Em uma dessas coberturas, Ney relembra um fato curioso que ocorreu enquanto narrava um jogo em Sophia, na Bulgária. “Eu fiz uma transmissão onde que eu não sabia se a fala tinha chegado – ‘Alô Brasil. Boa tarde senhoras e senhores. Estamos falando do estádio Almenzá na Bulgária. Obrigado pela audiência’ –, eu irradiava sem saber se as ondas tinham chegado e ficava na expectativa”.

Em 1996 voltou para a Rádio Clube onde trabalha até hoje. Um local modesto em comparação às outras empresas onde trabalhou. Durante 50 anos de rádio, Ney Costa acompanhou diversas fases de transformação na comunicação, sobretudo a evolução tecnológica dos veículos informativos. Um avanço que segundo ele, facilita muito o trabalha dos jornalistas. “A evolução tecnológica foi maravilhosa. Nós trabalhávamos com gravadores antigos e microfones que pareciam verdadeiras latas velhas. Nos anos 60 não era locutor quem não tivesse uma boa voz. Mas hoje é tão fácil, tão moderno. Principalmente quando a Embratel nasceu para suprir a necessidade de comunicações internacionais eu peguei esse momento de avanços”.

Com o advento da tecnologia a produção, edição e transmissão do conteúdo radiofônico ficaram mais rápidas e eficientes. Porém, para Ney Costa essa transformação fez com que o rádio perdesse um pouco do prestígio que tinha em épocas anteriores. Isso se deve principalmente a proliferação de outros veículos comunicativos. Mas para o veterano radialista, o rádio jamais poderá ser substituído.

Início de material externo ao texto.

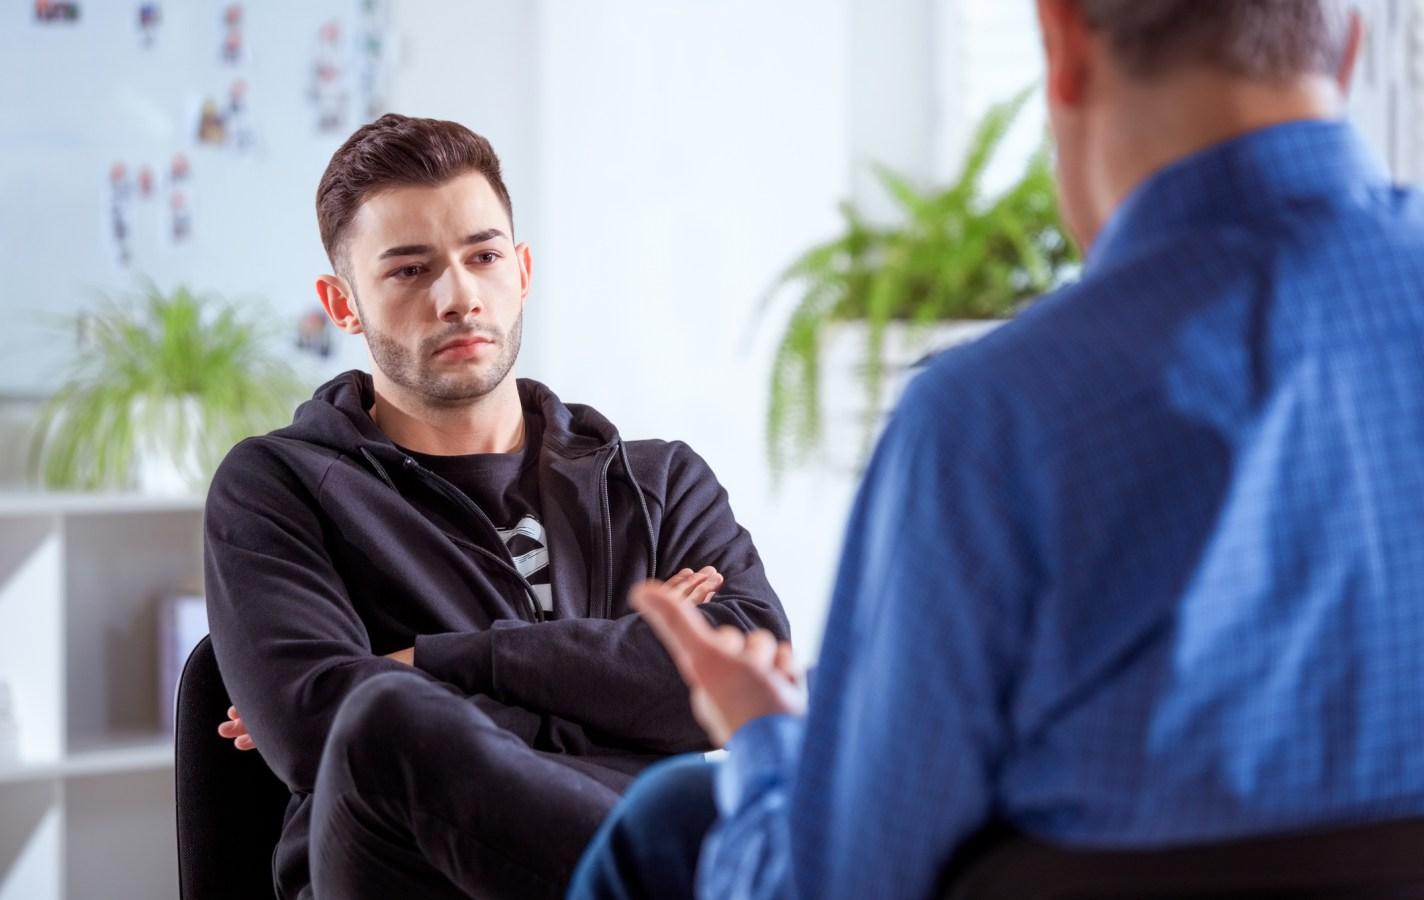 Serious university student listening to therapist

“A tecnologia trouxe uma nova dimensão, as pessoas vivem uma outra era. Não estamos mais naquele tempo em que o rádio consagrava grandes locutores. Eles eram considerados deuses perante o público que os ouvia. Os homens e mulheres que tem hoje entre 60 e 70 anos achavam aquilo uma coisa maravilhosa. Os locutores das radionovelas eram como o galã e a mocinha das telenovelas de hoje. A voz era uma coisa fantástica que encantava a todos”.

Com uma poesia interpretada no improviso sobre a história do rádio, Ney Costa despede-se e finaliza a entrevista com uma frase marcante: “O rádio nunca será alcançado pela televisão, pois só ele mantém o imediatismo associado à capacidade de imaginação do público”.